The book lays out specific details about the ways a personal philosophy, government and corporate interests and material reality can converge to construct the world we live in. The sheer breadth of topics covered, and the subtle interplay exposed between them, makes each passage fresh and fascinating. And the brevity, clarity and informality of the writing keeps even lengthy descriptions of technical minutiae easy to read.
This is, IMO, the best of Coach House's "Exploded Views" series so far. Horne & Maly start with Jeremy Bentham's Panopticon and trace the ideas around surveillance and media through a collection of fascinating examples, from Gitmo to Occupy Oakland. This was really rich, bringing the theoretical underpinnings of the modern surveillance state to light. Recommended reading.
2.5 stars. Informative overview of surveillance, from Bentham to present day London and Oakland. It's heavy on the Foucault and a bit dry, but very loosely adopts a 'field guide' format with spasmodic jocularity, if half-heartedly so, which leaves it a bit betwixt and between in terms of tone and depth. I do think I've come away from it with a keener eye and a helpful framework, however.
the writers didn't see fit to write about how black people have been under surveillance for decades. you go to Oakland and choose to only write about Occupy? did they not know/care what happened to the Black Panthers...
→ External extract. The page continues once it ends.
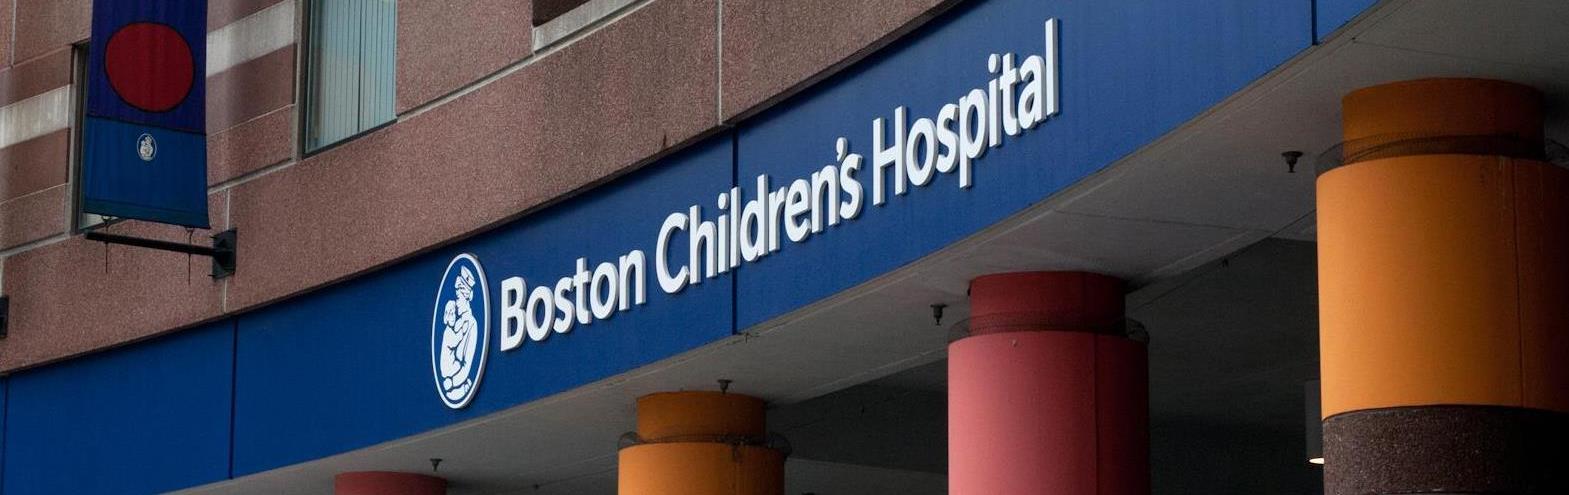 An exterior image of Boston Children's Hospital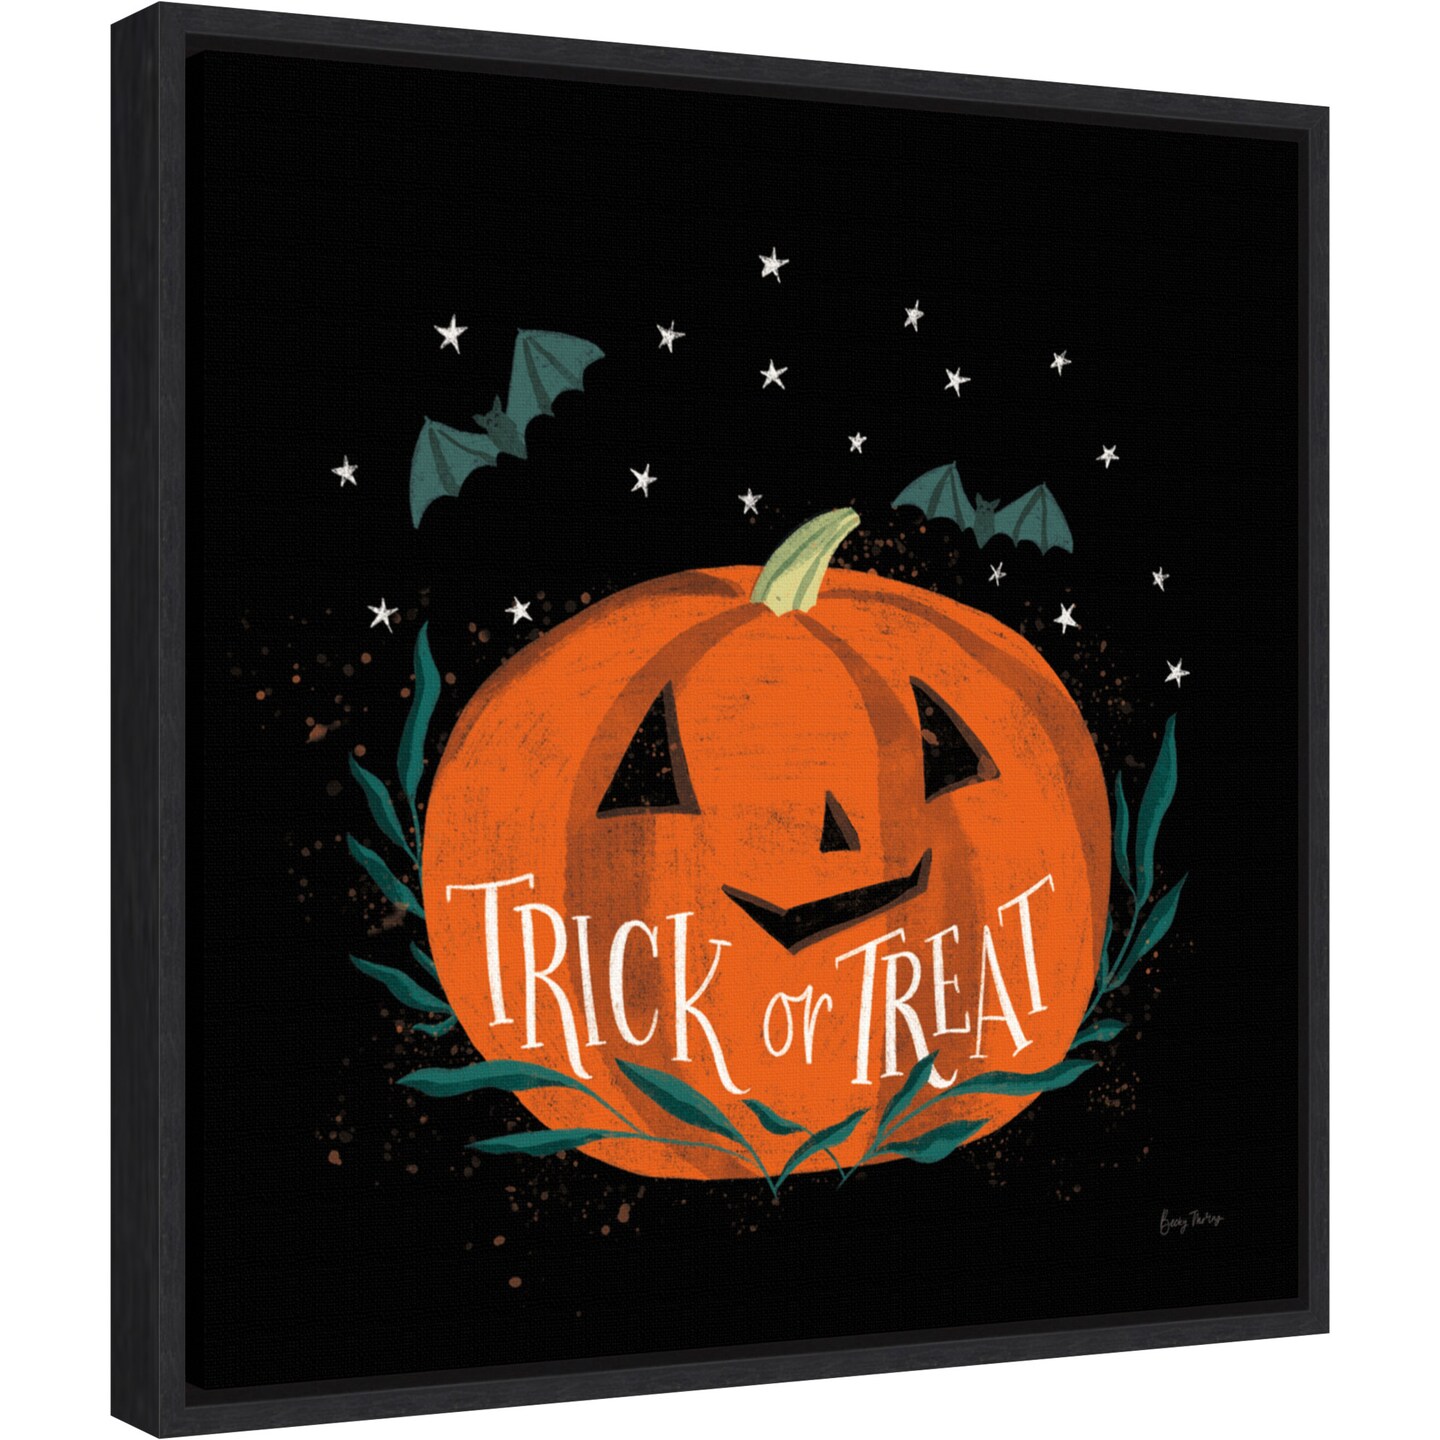 Cute Halloween II by Becky Thorns 16-in. W x 16-in. H. Canvas Wall Art Print Framed in Black

also the chapter about the Newark port was basically just about container shipping regulations
Struck me as a more-academic version of a book that might appear in the "Object Lessons" series from Bloomsbury. Interesting subject matter, but some of the selected quotes from Foucault made following the writing difficult. While the topical focus is ostensibly on surveillance paradigms, the actual focus often felt more like an academic deconstruction of "Discipline and Punish".